Ethical Safeguards: What Responsible Adoption Requires
Recent guidelines from the Joint Commission and the Coalition for Health AI suggest that when AI directly impacts patient care, disclosure should occur and, in some cases, informed consent should be obtained. They also recommend continuous monitoring of accuracy, adverse events, and equity across populations.
If taken seriously, these recommendations impose ongoing operational responsibilities.
Treatment centers considering AI implementation should evaluate:
- How will the model be validated before deployment?
- Who monitors performance over time?
- How are errors detected and corrected?
- Are clients informed when AI influences their care?
- How is bias assessed across demographics?
These are governance questions.
AI adoption without governance exposes facilities to regulatory scrutiny and reputational risk.
The Equity and Access Question
There is also a structural concern.
If only large, well-capitalized health systems can afford the cost of validating and monitoring AI tools, smaller facilities may be excluded from access. That could widen disparities in care quality and operational efficiency.
At the same time, many AI tools are trained on national datasets that include clients from smaller and rural facilities. If those communities contribute data but cannot access the benefits due to compliance burdens, inequities deepen.
For addiction treatment, where rural and underserved communities already face access challenges, this is not an abstract policy debate. It is a distributional issue.
Leadership teams must consider not just operational feasibility, but fairness and long-term positioning.
Faebl Executive Perspective
AI in addiction treatment should not be approached as a marketing enhancement or cost-cutting shortcut.
It is a clinical infrastructure.
Before implementing AI tools for admissions scoring, documentation automation, or predictive relapse analytics, facilities should establish clear governance frameworks. That includes cross-functional oversight between clinical leadership, operations, and compliance teams.

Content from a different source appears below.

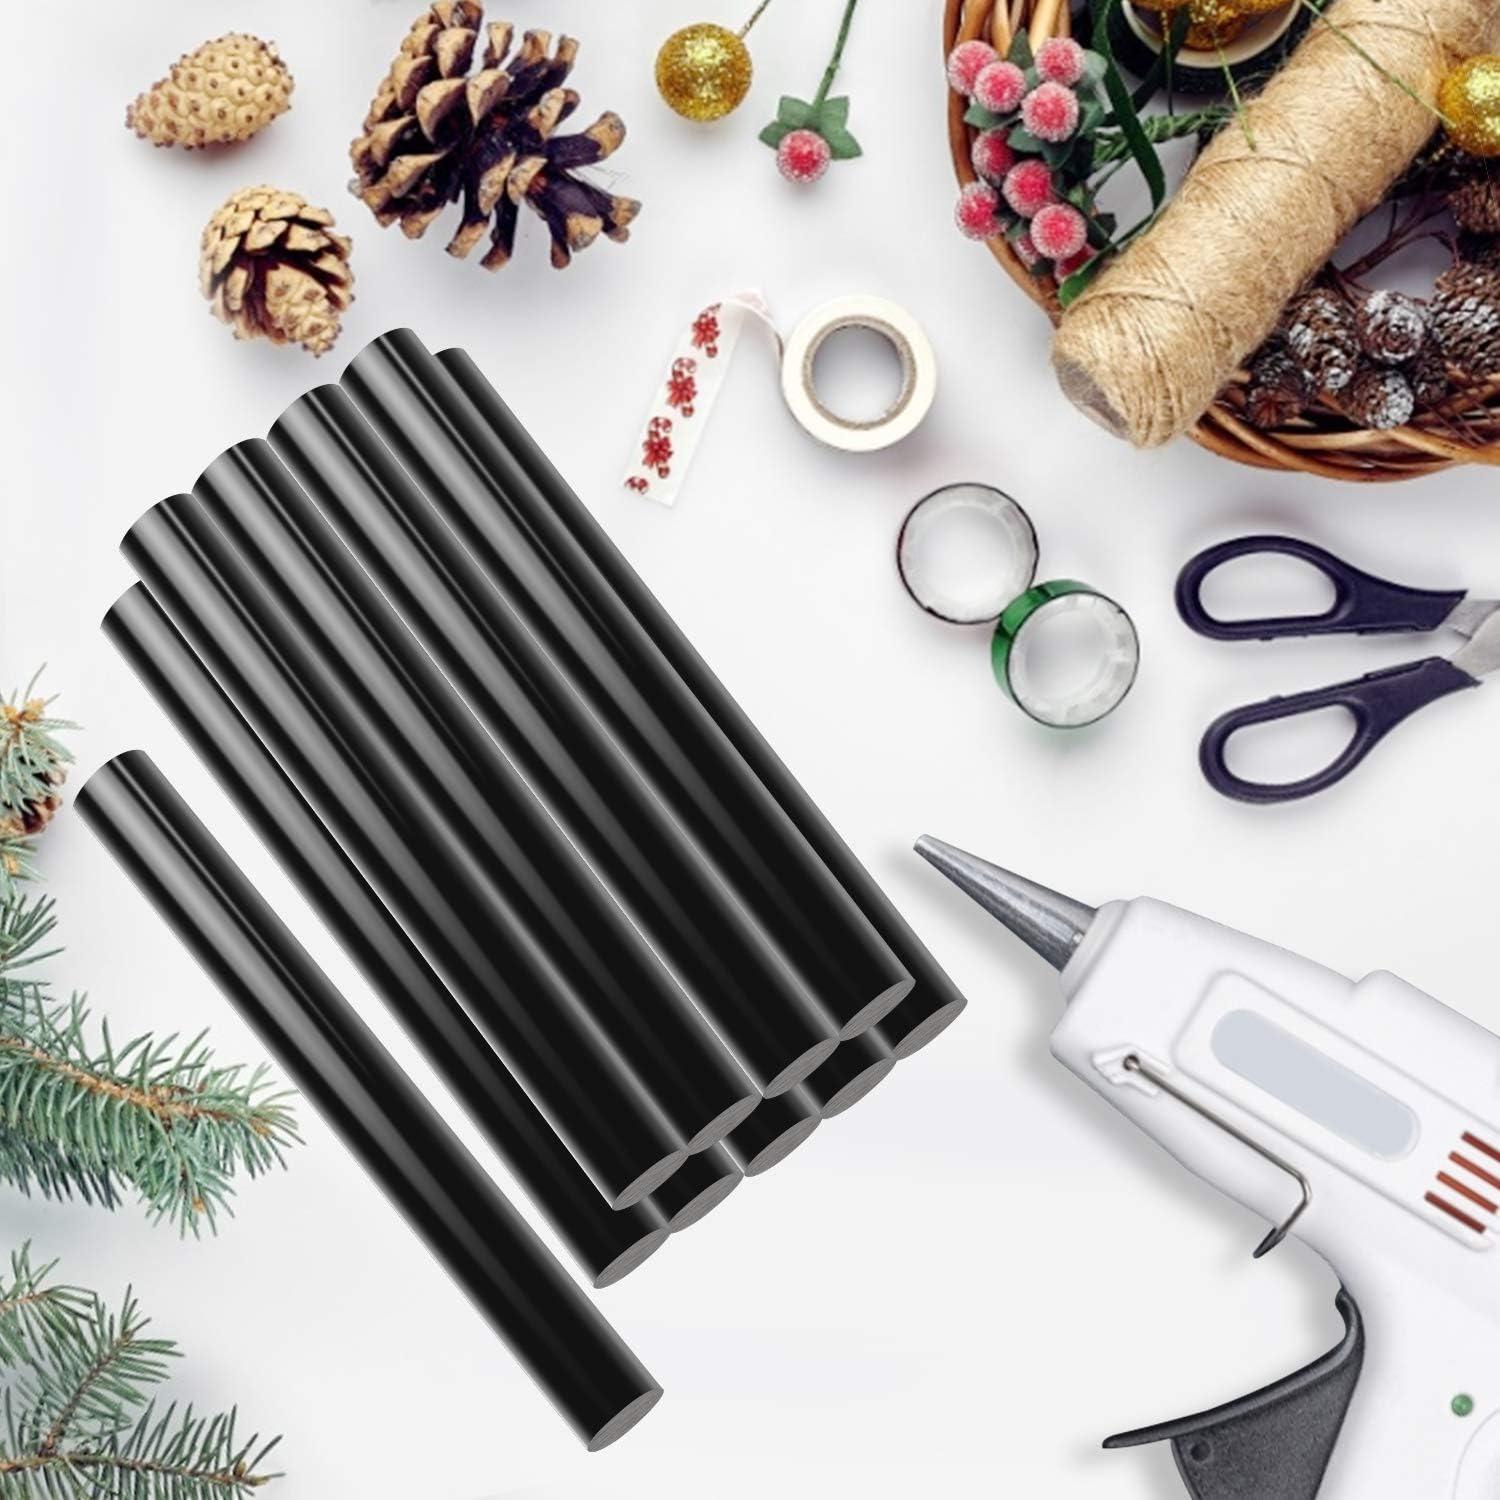  Gartful Full Size Hot Glue Sticks - 0.43 x 3.9, Black Hot  Glue Gun Sticks, Large Hot Melt Glue Sticks for Wax Sealing, DIY Craft,  General Repair, Gluing Project, Christmas Gift

Adoption should follow a structured process:
- Strategic clarity on use case
- Risk classification based on impact to client care
- Formal validation prior to deployment
- Ongoing monitoring with defined performance metrics
- Transparent communication policies
AI will improve efficiency across the industry. But facilities that adopt prematurely, without operational safeguards, risk regulatory exposure and clinical instability.
Responsible adoption builds trust with clients, staff, and regulators.
Final Perspective
Artificial intelligence will meaningfully shape healthcare over the next decade. Even leading ethicists acknowledge its transformative potential.
But innovation does not self-regulate.
In addiction treatment, where decisions directly affect vulnerable populations, ethical oversight is not optional. It is foundational.
The leadership question is not “How fast can we implement AI?”
It is:
Do we have the governance, validation, and monitoring infrastructure necessary to deploy AI responsibly?
Facilities that answer that question deliberately will be positioned to benefit from AI’s capabilities without compromising clinical integrity or regulatory standing.
That is the difference between technological adoption and operational leadership.